Buncis di Banyumas bukan sekedar nama sayuran untuk lauk pauk. Buncis juga menjadi nama salah satu kesenian local setempat. Kesenian ini tersaji dalam bentuk seni pertunjukan rakyat. Pemain terdiri dari delapan orang yang menari sambil menyanyi, sekaligus menjadi musisinya. Dalam sajiannya keseluruhan pemain mengenakan kostum berupa kain yang dibuat menyerupai rumbai-rumbai menutup aurat. Sedangkan di kepalanya dikenakan mahkota yang terbuat dari rangkaian bulu ayam.
Para
pemain dalam pertunjukannya membawa alat musik angklung berlaras slendro.
Masing masing membawa satu buah alat musik yang berisi satu jenis nada yang
berbeda.
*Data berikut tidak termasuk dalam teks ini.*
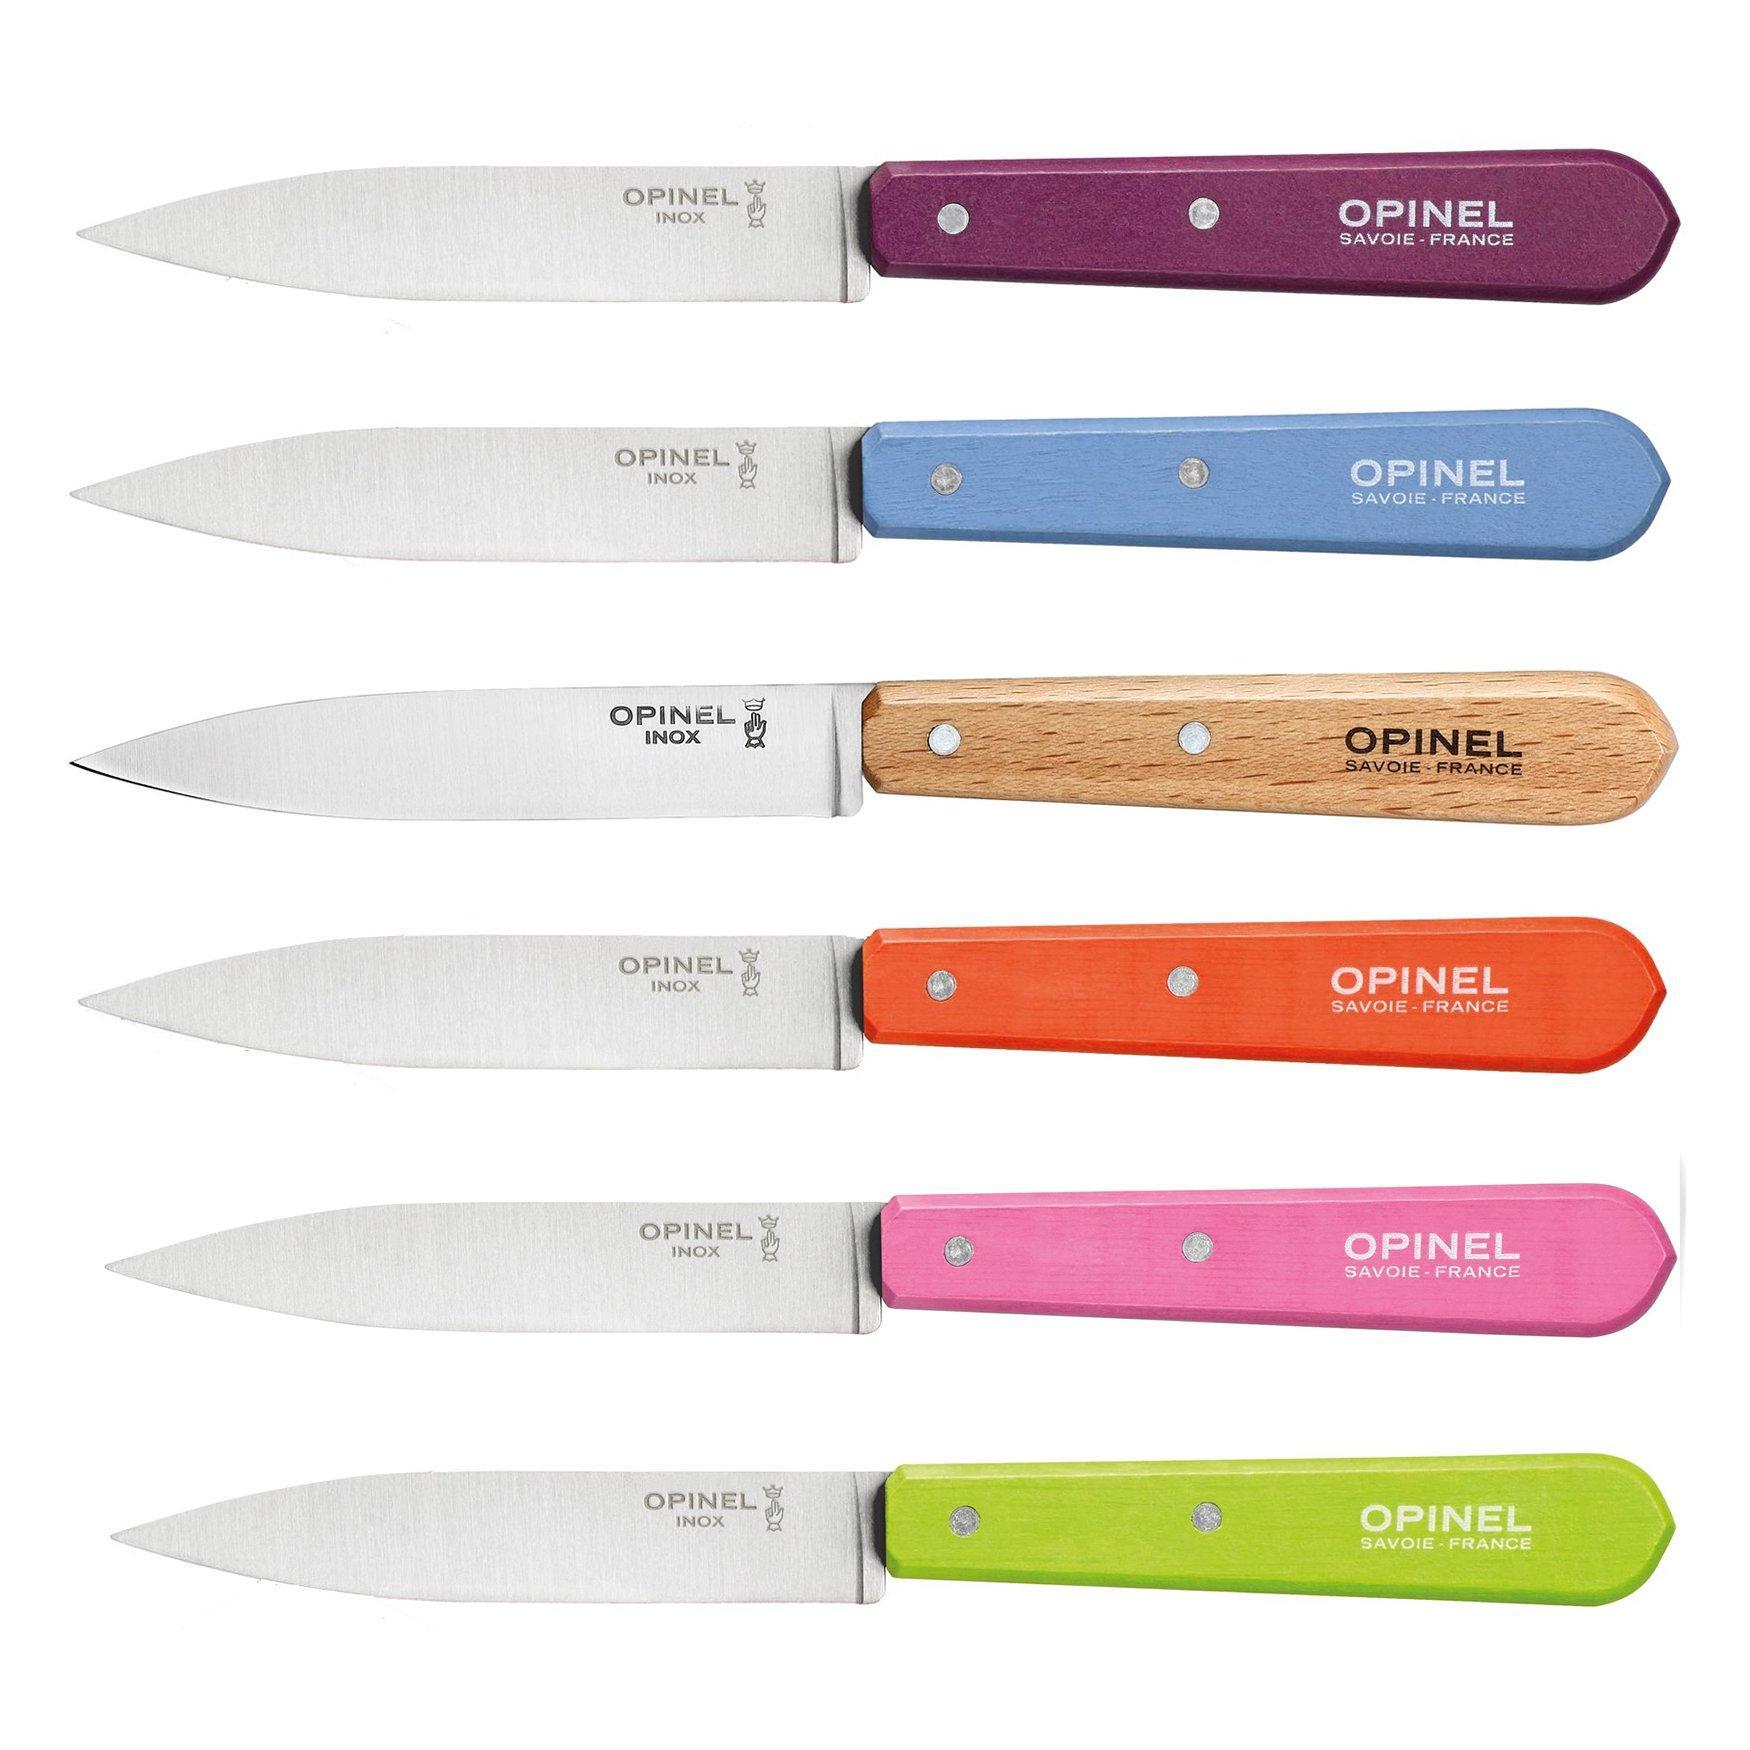 OPINEL 112 Paring knife - Essentials no 112 - slicing chopping peeling knife

Enam orang di antaranya memegang alat bernada 2 (ro), 3 (lu), 5 (ma),
6 (nem) 1 (ji tinggi) dan 2 (ro tinggi). Dua orang yang lain memegang
instrument kendhang dan gong bumbung. Dalam membangun sajian musical,
masing-masing pemain menjalankan fungsi nada sesuai dengan alur lagu balungan
gendhing. Dari permainan alat-alat musik yang demikian, mereka mampu menyajikan
gendhing-gendhing Banyumasan.
Hingga
saat ini seni buncis masih bertahan hidup di wilayah kecamatan Somagede,
tepatnya di Desa Tanggeran, Klinting, dan Sokawera. Semua berjumlah empat
kelompok, yaitu di Tanggeran terdapat dua kelompok, Klinting (satu kelompok),
dan Sokawera (satu kelompok). Hingga dasawarsa 1970-an, buncis masih bias
ditemukan di wilayah kecamatan Kemranjen dan Kebasen. Namun seiring dengan
perubahan jaman dari era tradisional-agraris ke modern teknologis, keberadaan
seni buncis di kedua kecamatan ini berangsur-angsur mengalami kepunahan.